I am trying to strike a balance between living sensibly and living well. Obviously I don't have money to waste on anything non essential and I have to see where I can make cutbacks. So in that light, I have decided to sell my car. It sits in the carpark for six days out of seven and I just can't justify the expense. However, I have not been without a car for the last 30 years! I find it gives a great sense of both security and independence to know that I can just get in and go wherever I want.
Sensibly...
I used to love driving, just for driving's sake, but now that enjoyment is gone. The roads are so crowded and everybody else seem to be in such a hurry and so angry! And it is infectious. If someone makes a minor error in driving near me, I find myself raging at them, and yet in any other sphere of life, I would just let it go. I suspect most drivers aren't so much angry as terrified! How did we all get to live such hurried and fearful lives? Why is getting somewhere quickly more important than being courteous and forgiving or even safe? This has helped me in my decision to sell the car. I don't like the person I become behind the wheel but I do like the person I am when I have a tiller in my hand! I also like the people I meet on the towpath and on the canal much more than those on our highways. People smile and wave. They have time to say 'good morning' and if I make a mistake, other boaters just smile or comment that they also have made mistakes and not to worry about it. There is a courtesy and friendliness on the cut (canal) that I thought was only confined these days to tiny rural hamlets.

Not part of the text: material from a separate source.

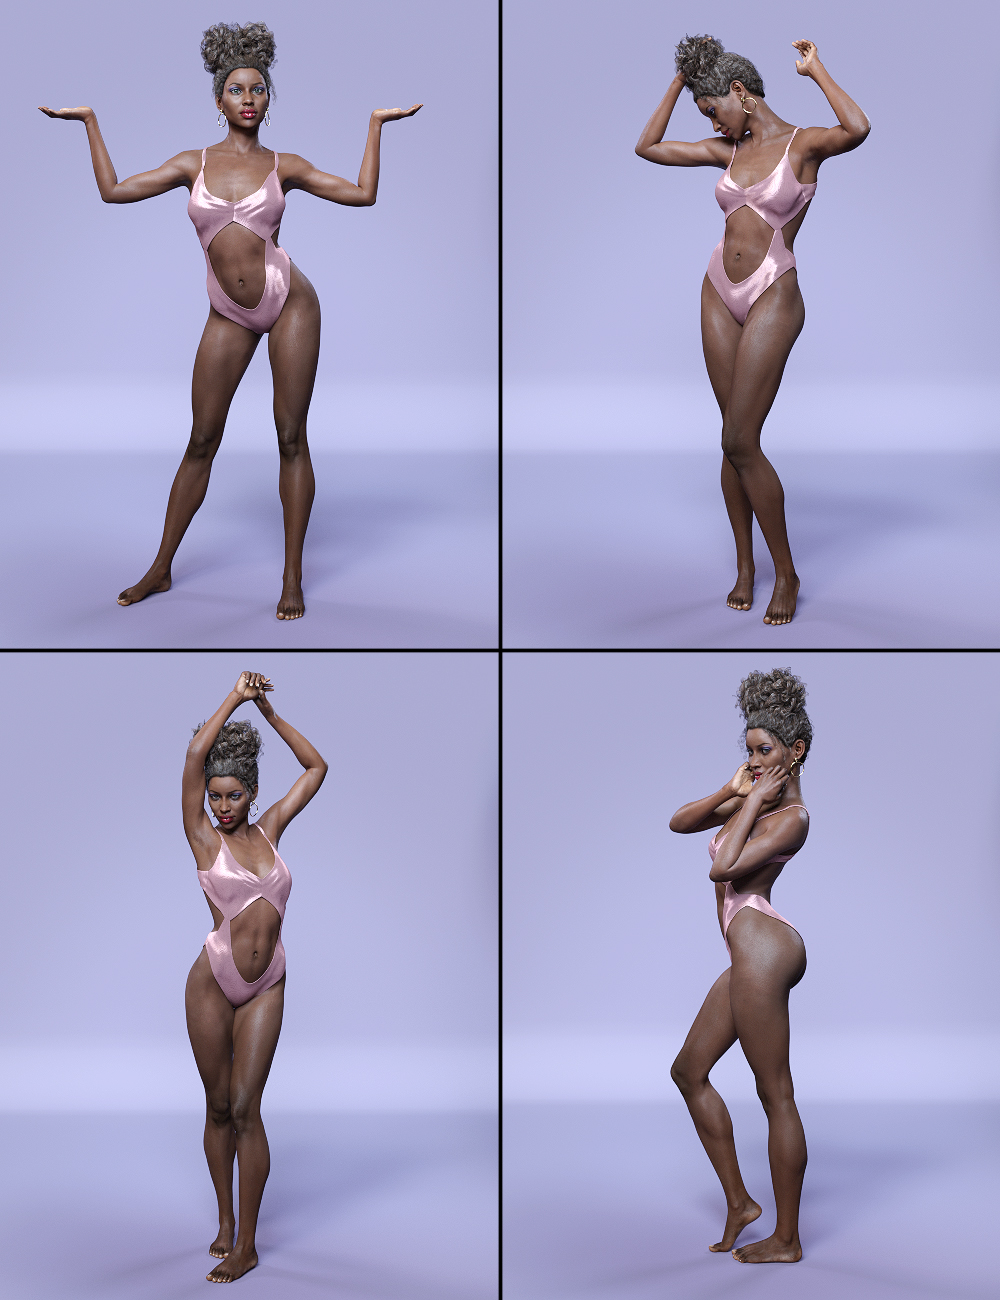 Z Paradise - Poses for Monique 7 & Genesis 3 Female

Having made the decision, I went straight out and bought a folding bike. I need something to go to the shops with and to carry my shopping home, but also I had forgotten what fun cycling can be. It also feels like it fits this new life; connected to the environment in a way that driving in a metal box can never be. I don't have to worry about parking or getting petrol and the running costs are almost nothing.
Well...
My second decision is to do with the living well rather than economically; in fact sensible people will almost certainly scold me for it. It is 7 months since my beloved labrador died and there is a hole in my heart. I feel I've got all this love to give and nobody to lavish it on, so I'm going to buy a dog. My last two dogs were of the rescue variety and although I loved them both, my regret was that I never knew either of them as puppies. I am also aware that bringing a dog onto a boat has its challenges and it will be a lot easier for both of us if the dog is trained to it from the beginning. I have been researching breeds for a while - although I loved both my Collie and Labrador, I have decided a smaller dog will fit better into my smaller living space. Finally I have narrowed the choice down to a Cairn Terrier. Now I just need to find one. I will use what I get for the car to pay for both the bike and the dog. Here ( I hop
e) is a picture of a Cairn terrier...

Isn't he gorgeous? Hopefully mine will be too.